Assigned task: Please return the lines from the one with "Only smart people" through the end of the listing below, word for word, with every picture left out.
═══ Data section
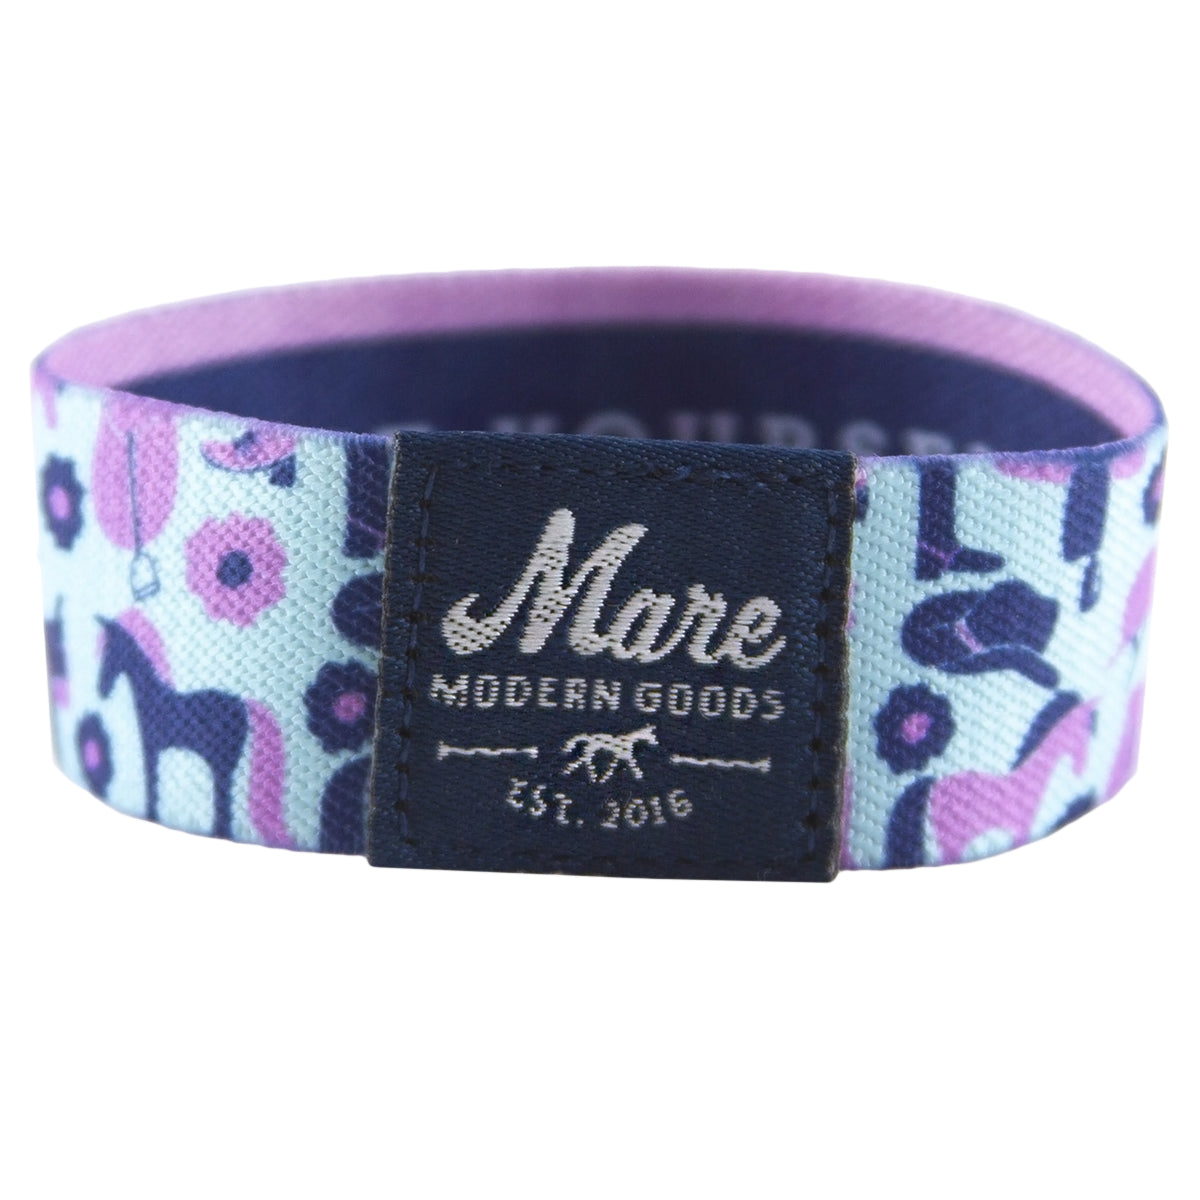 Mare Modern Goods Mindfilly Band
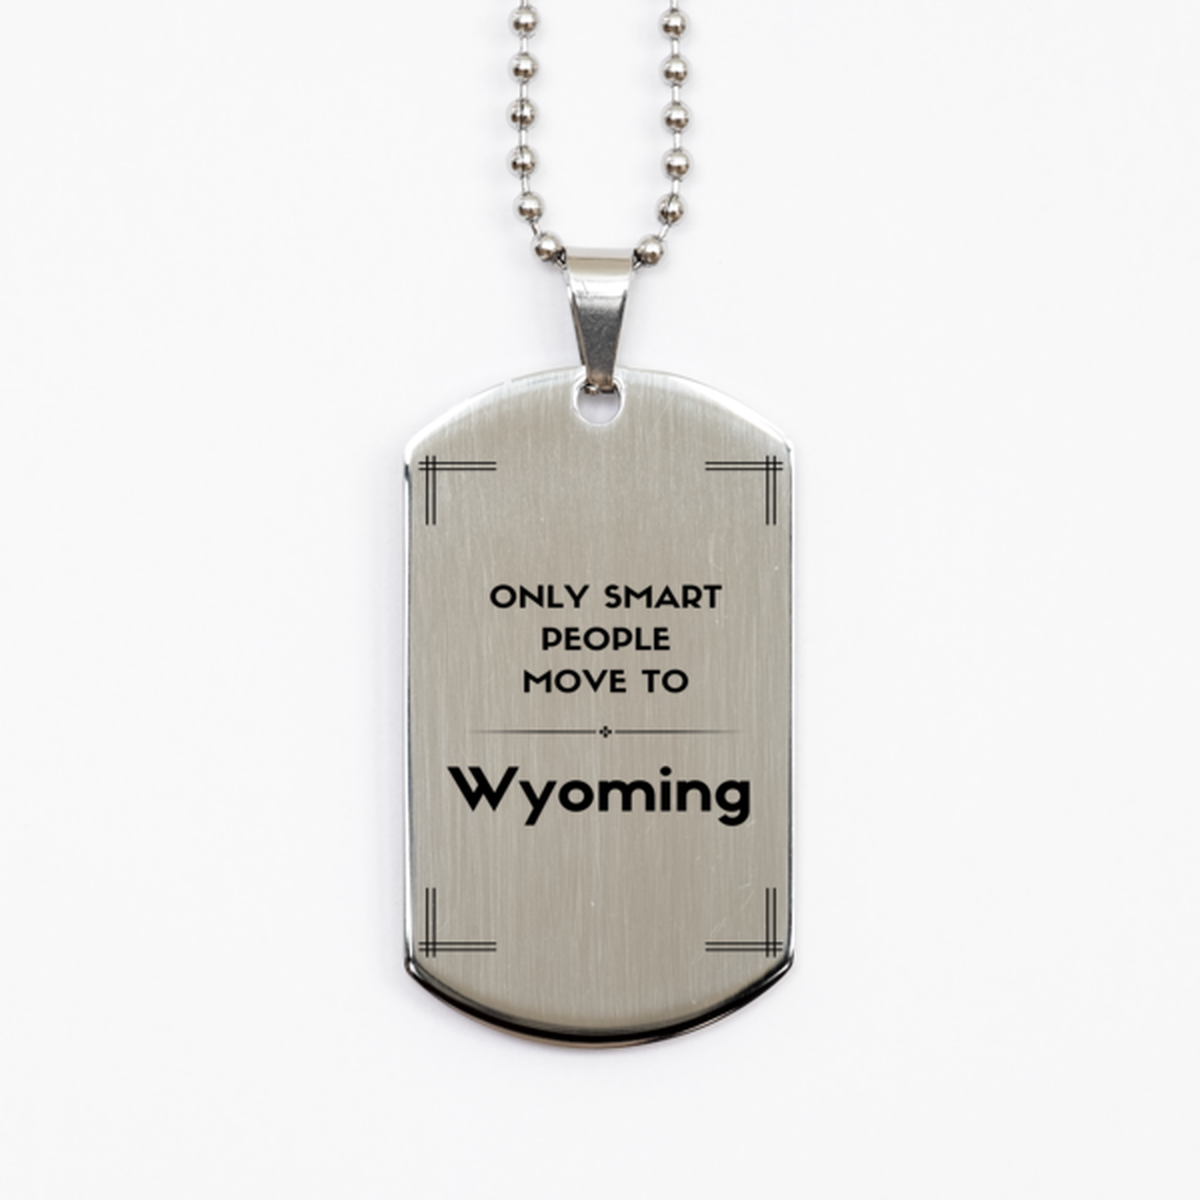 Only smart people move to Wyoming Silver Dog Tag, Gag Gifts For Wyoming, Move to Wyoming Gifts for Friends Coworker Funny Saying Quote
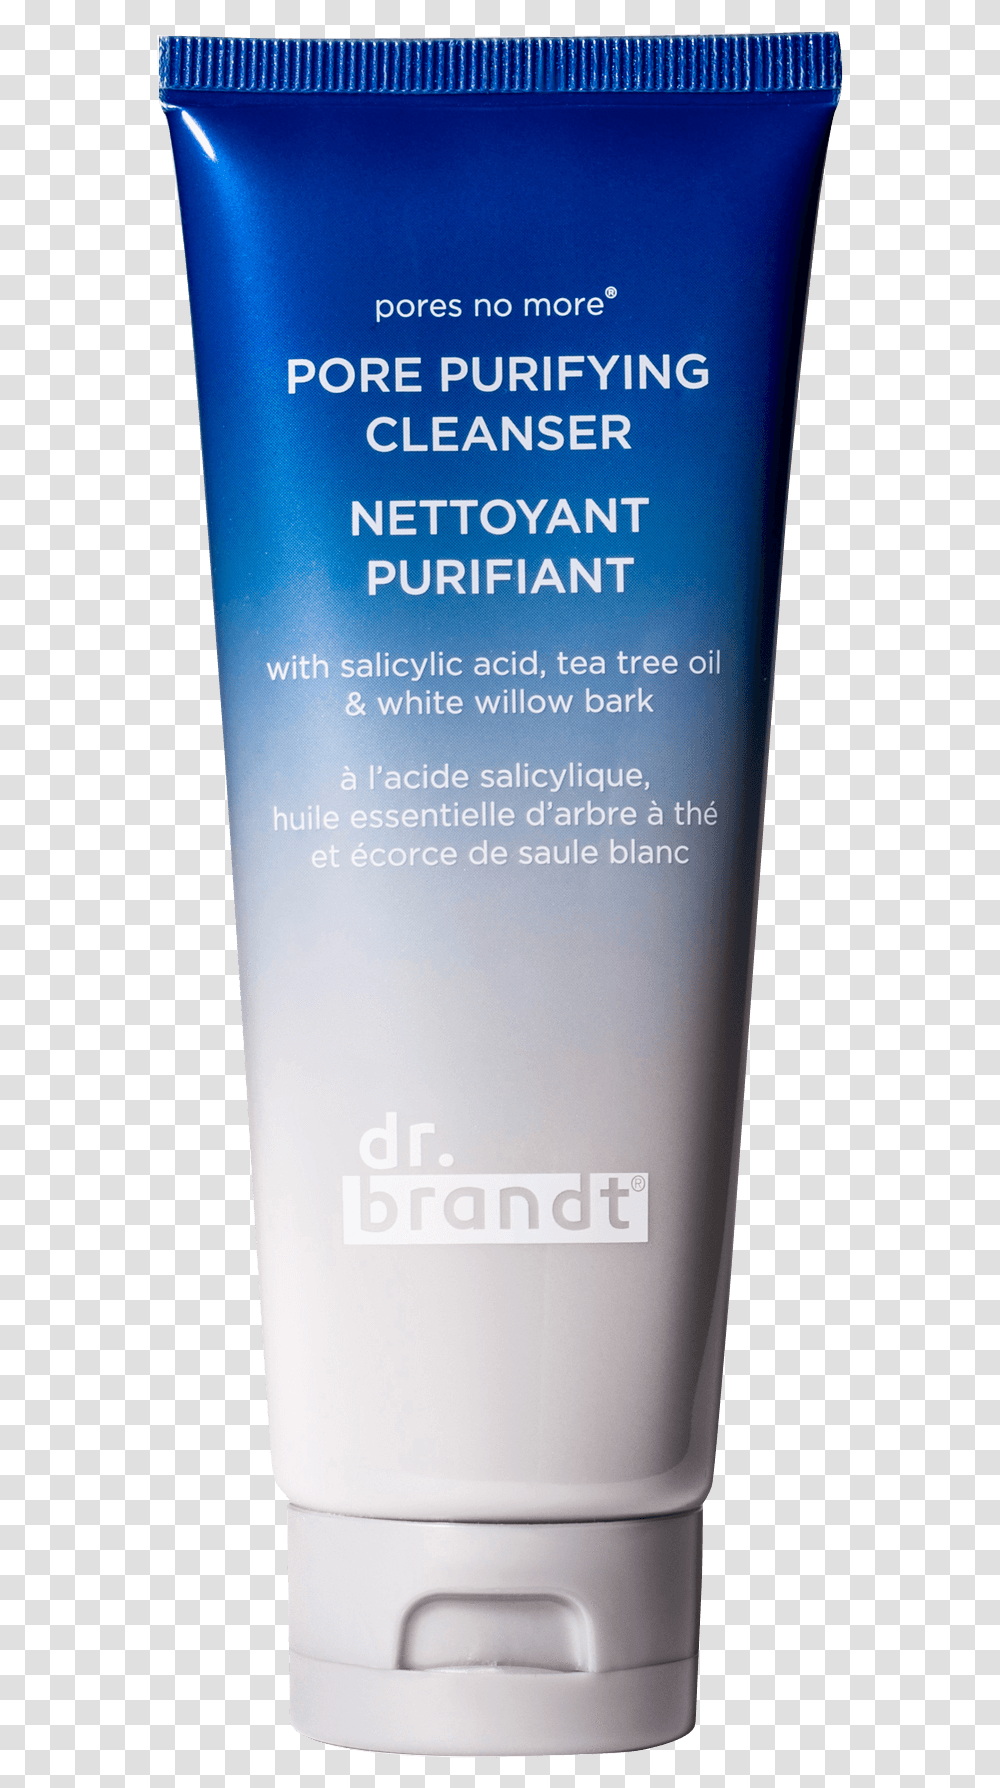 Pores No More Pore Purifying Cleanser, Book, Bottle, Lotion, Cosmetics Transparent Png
══════
Exercise result:
 Only smart people move to Wyoming Silver Dog Tag, Gag Gifts For Wyoming, Move to Wyoming Gifts for Friends Coworker Funny Saying Quote
 Pores No More Pore Purifying Cleanser, Book, Bottle, Lotion, Cosmetics Transparent Png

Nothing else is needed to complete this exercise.